# COLLECTORS SEA TURTLE PLUG IN



## wellington (Feb 10, 2013)

Thought I'd share this for all you that likes to collect tortoise and turtle items. This is from Bath and Body Works. Plug in fragrance dispenser of a copper colored sea turtle. You can see it on the sight here.
http://www.bathandbodyworks.com/product/index.jsp?productId=18128386&cm_vc=200

This is mine below.


----------



## CtTortoiseMom (Feb 10, 2013)

That is really cute, I am going to try and find it! Thanks for sharing!


----------



## luvpetz27 (Feb 10, 2013)

CtTortoiseMom said:


> That is really cute, I am going to try and find it! Thanks for sharing!



I love it!!!!!


----------



## sibi (Feb 10, 2013)

I've got to get one of those. Thanks for the info.


----------



## RedfootsRule (Feb 10, 2013)

http://www.officemax.com/technology...nd USB Drives&ci_src=17588969&ci_sku=22486043
This prompted me to post this . For those of you into turtle paraphernalia, how about storing all of your tort info on a turtle !?


----------



## wellington (Feb 10, 2013)

RedfootsRule said:


> http://www.officemax.com/technology...nd USB Drives&ci_src=17588969&ci_sku=22486043
> This prompted me to post this . For those of you into turtle paraphernalia, how about storing all of your tort info on a turtle !?

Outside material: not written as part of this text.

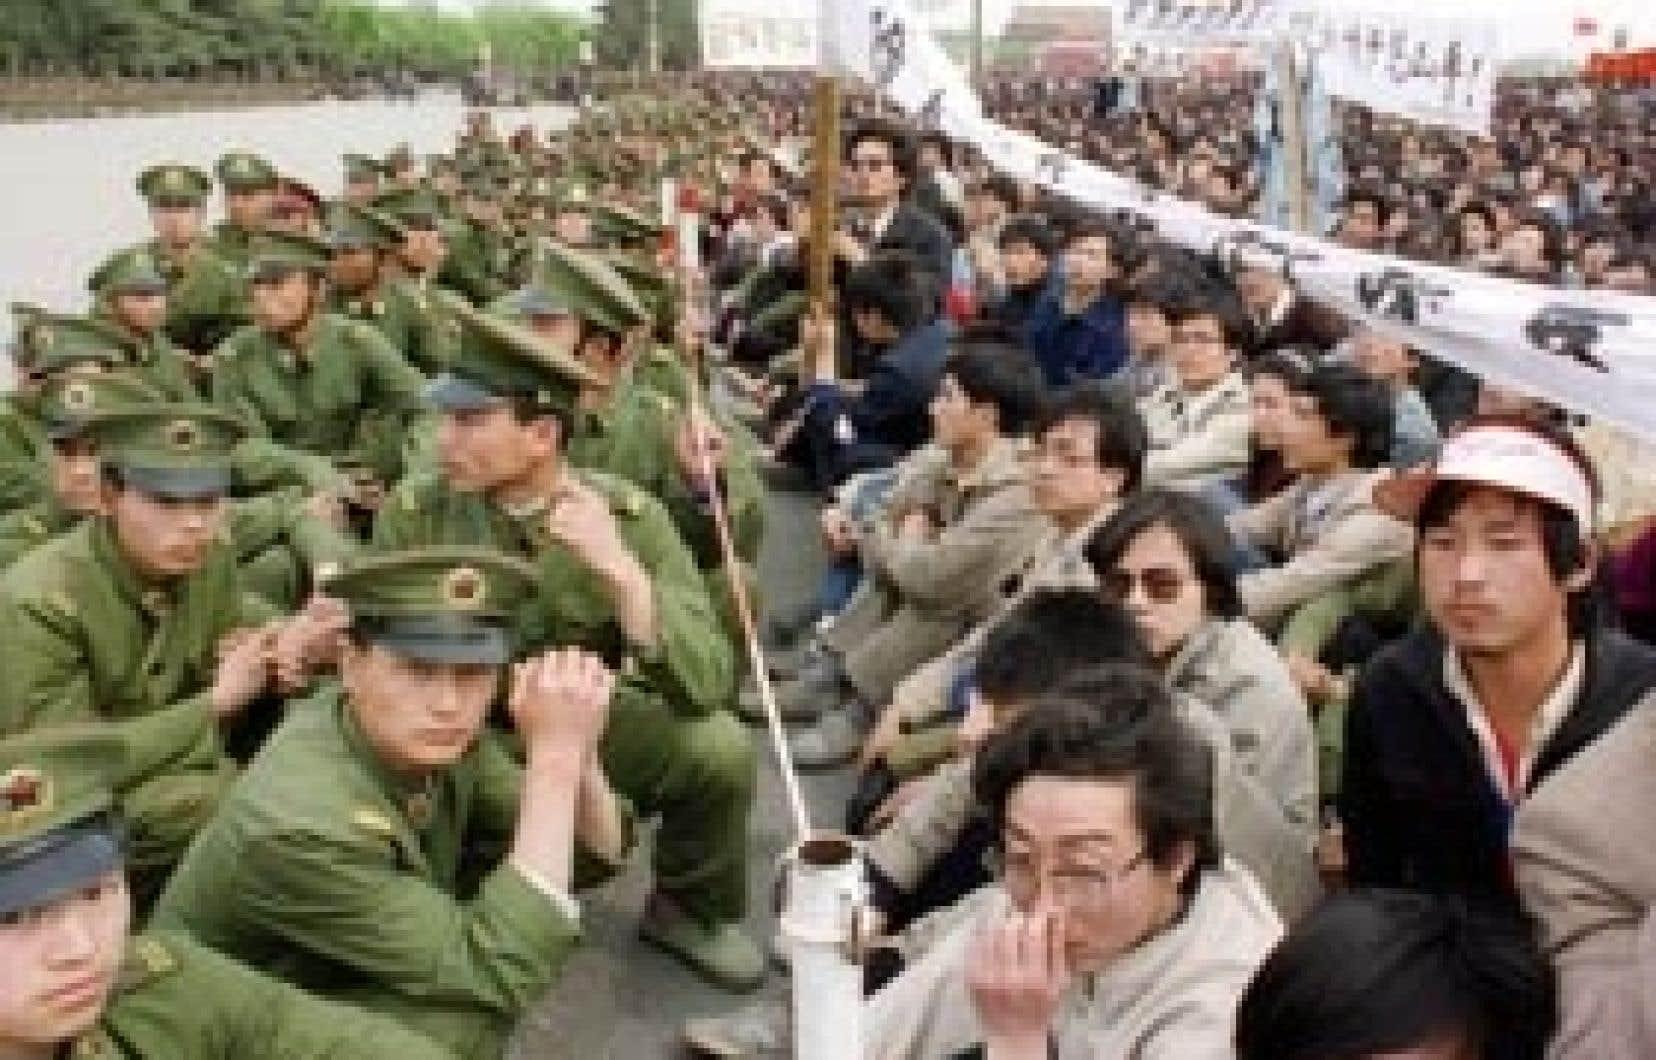 Manifestation du 22 avril 1989 à Pékin, alors que quelque 200 000 personnes exigeaient de dialoguer avec le pouvoir.

That's cute. I may have to get one of those. Then there would be no confusion about who's it is.


----------



## RedfootsRule (Feb 10, 2013)

wellington said:


> RedfootsRule said:
> 
> 
> > http://www.officemax.com/technology...nd USB Drives&ci_src=17588969&ci_sku=22486043
> ...



Haha, yup. Plus, no labeling, I know where my animal stuff is stored . Every time I come across one of those interesting-yet impossible-to-find-again articles, its on the turtle .


----------